É possível ser uma mulher amorosa no Brasil?

A violência de gênero é uma realidade no mundo inteiro, mas no Brasil, especificamente, a qualidade de vida de pessoas do gênero feminino é extremamente precária devido aos inúmeros abusos sofridos por elas diariamente. Mulheres são criadas para serem amorosas, o que funciona como uma máscara para a obrigação da subserviência em relação aos homens. Mas é possível ser amorosa em um país que trata as mulheres com tanto desamor? Tendo como base a pesquisa “Visível e invisível”, do Fórum Brasileiro de Segurança Pública, e um estudo publicado pelo Instituto de Pesquisa Econômica Aplicada (Ipea), a resposta para essa pergunta, certamente, é não.

Por Sofia Leite

As estatísticas que envolvem estupro e violência contra a mulher são sempre assustadoras. No entanto, no Brasil, onde a cada um minuto duas mulheres são estupradas, segundo estudo publicado pelo Instituto de Pesquisa Econômica Aplicada (Ipea), a realidade é ainda pior. Ser mulher no país tropical e abençoado por Deus, como dizia Jorge Ben Jor, é um desafio diário muito difícil de ser superado. 

Somos criadas ouvindo que as mulheres têm que ser amorosas e recebendo conselhos de como ser o par perfeito para um homem. Mas como nos abrir para o amor em um país onde não nos é dado o direito de confiar e ser amada de forma saudável por pessoas do gênero masculino? Como ser amável em um país onde, segundo a pesquisa “Visível e Invisível”, 21,5 milhões de mulheres sofreram, em 2022, violência física e/ou sexual por parte de parceiro íntimo ou ex-companheiro? 

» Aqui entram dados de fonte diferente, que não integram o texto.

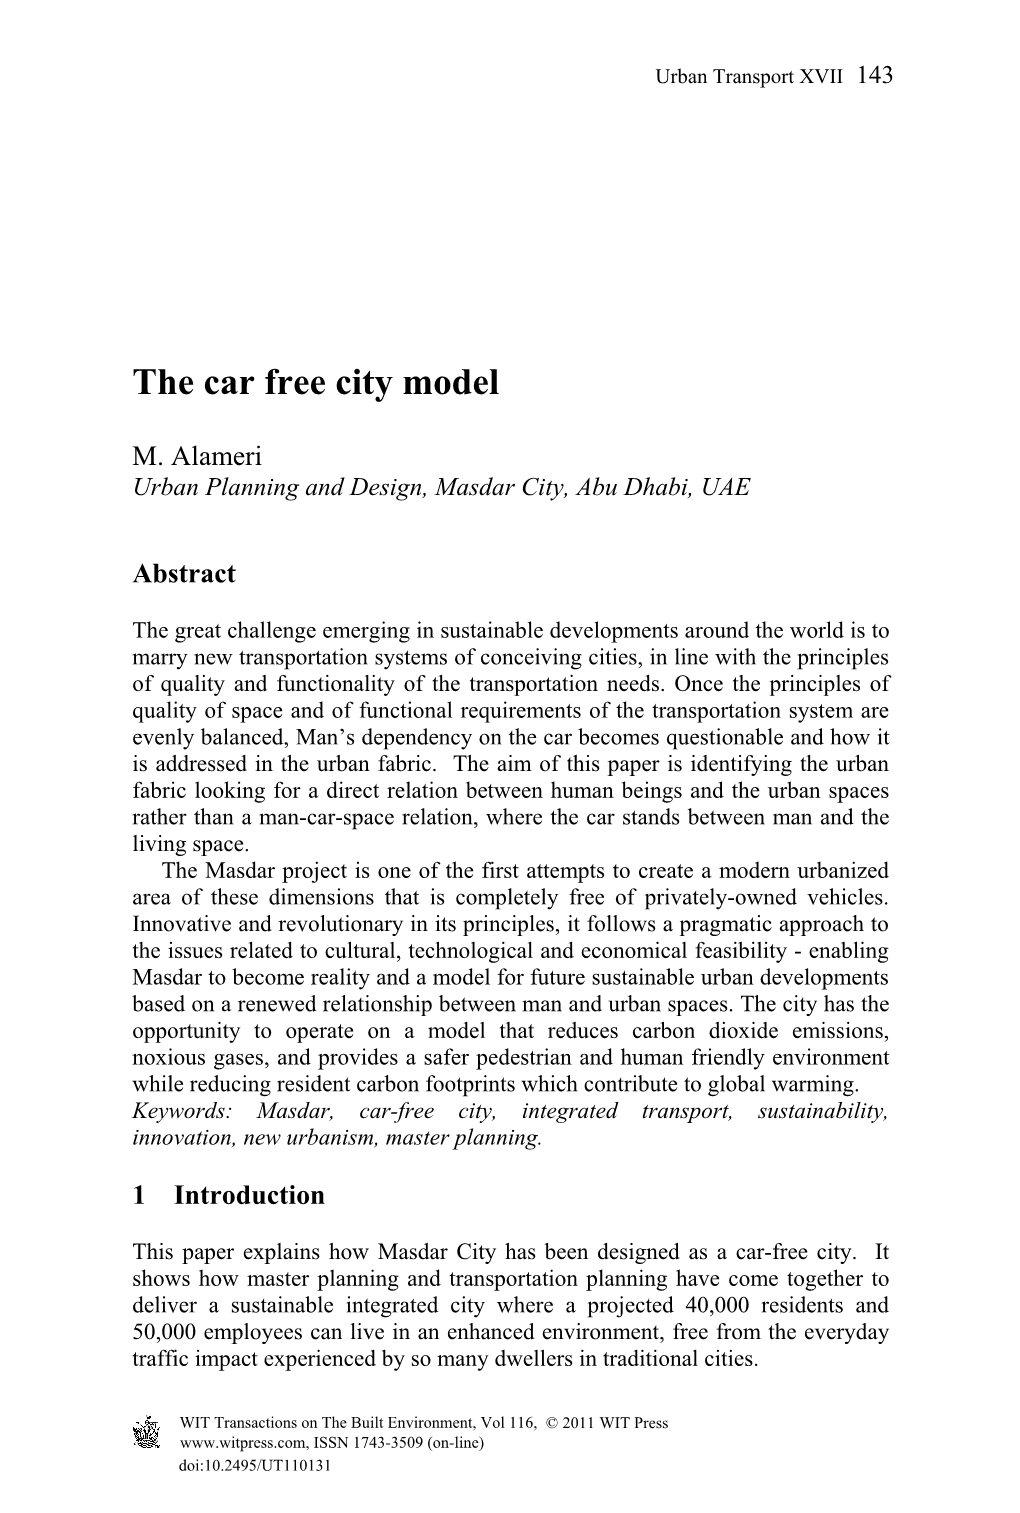 The Car Free City Model

Não é justo que apenas as mulheres sejam educadas para seguir o caminho do amor e da não-violência. Os homens precisam fazer parte desse processo também. Afinal, só conseguiremos melhorar enquanto sociedade quando todos os indivíduos conseguirem resolver suas questões de forma pacífica e amorosa. É só por meio do amor que, como diz a intelectual estadunidense bell hooks, conseguimos evoluir. Enquanto cônjuges e ex-parceiros continuarem sendo violentos e responsáveis pela maior parte das estatísticas de agressão contra a mulher, podemos nos decretar derrotados na busca do amor e do bem comum.

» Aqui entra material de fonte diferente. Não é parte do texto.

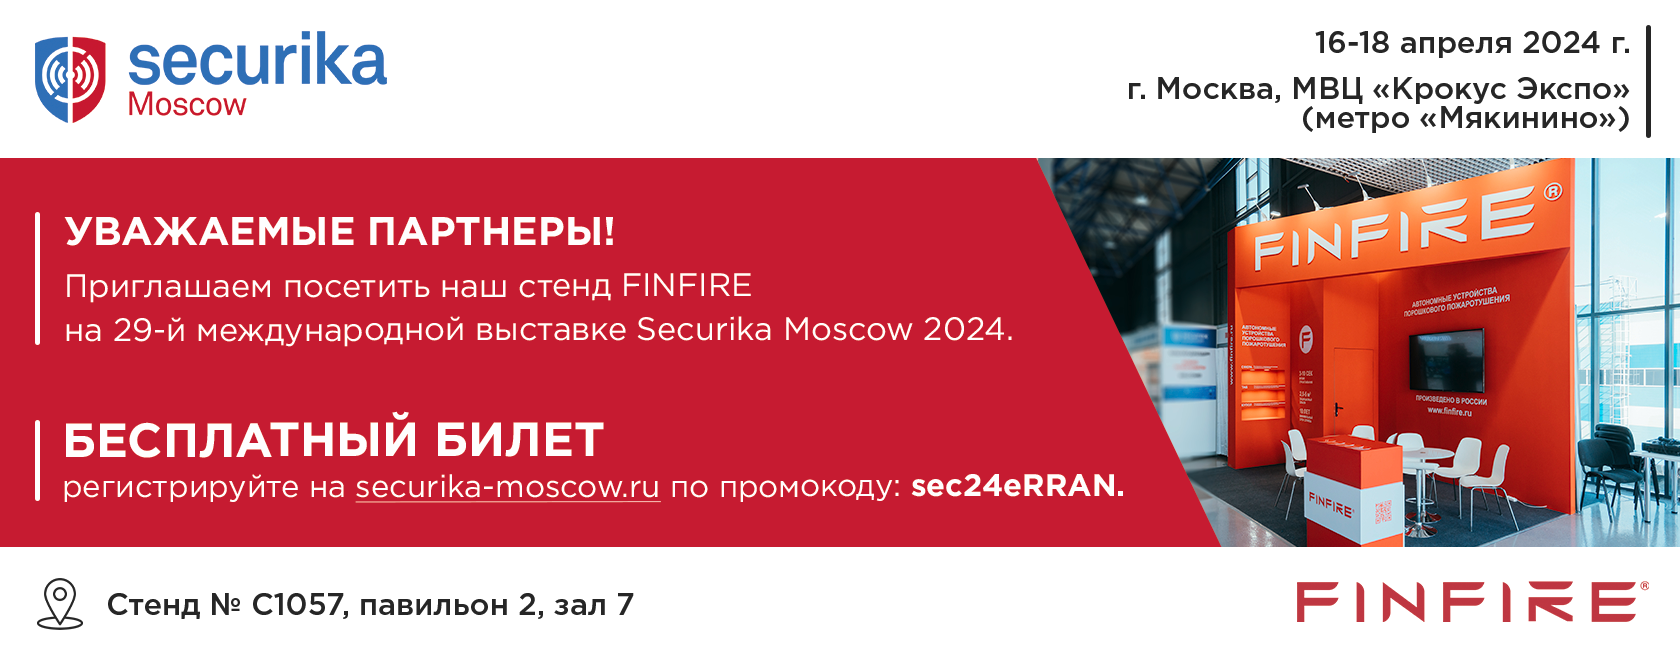 FINFIRE. Выставка Securika 2024

Além de passarmos a oferecer uma educação igualitária a mulheres e homens para que possamos ter relações sem violência, é preciso que sejam criadas ações para incentivar a população a denunciar casos de abusos contra mulheres. O estudo do Ipea mostra que apenas 8,5% dos casos de estupro, por exemplo, chegam até a polícia. Já a pesquisa do Fórum Brasileiro de Segurança Pública traz o dado de que 52% dos brasileiros relatam ter visto alguma situação de violência de gênero nos últimos 12 meses.

Por que esses casos não estão sendo denunciados? Será que a vida de uma mulher vale menos?
Quando os números referentes às denúncias desses casos são analisados, é possível perceber que, muitas vezes, nem mesmo as mulheres relatam para as autoridades o que acontece com elas. Isso se deve, possivelmente, a alguns fatores como a falta de preparo dos agentes públicos nas delegacias e a reprodução, por parte deles, de uma lógica patriarcal que descredibiliza o depoimento das vítimas mulheres. Além disso, a legislação brasileira exige que a mulher comprove o abuso que sofreu, o que, em inúmeras situações, não é possível, como é o caso da violência psicológica.

Se o pensamento de que a vida da mulher vale menos continuar existindo em nosso dia a dia, acontecimentos como aquele envolvendo a vereadora de Juazeiro do Norte (CE) Yanny Brena (PL), que foi morta pelo namorado na madrugada do dia 3 de março, seguirão se repetindo.

Uma sociedade que é capaz de tratar como ato de amor um feminicídio cometido cinco dias antes do Dia Internacional da Mulher está longe de entender o real significado de amor e, mais longe ainda, de encontrar o caminho até ele.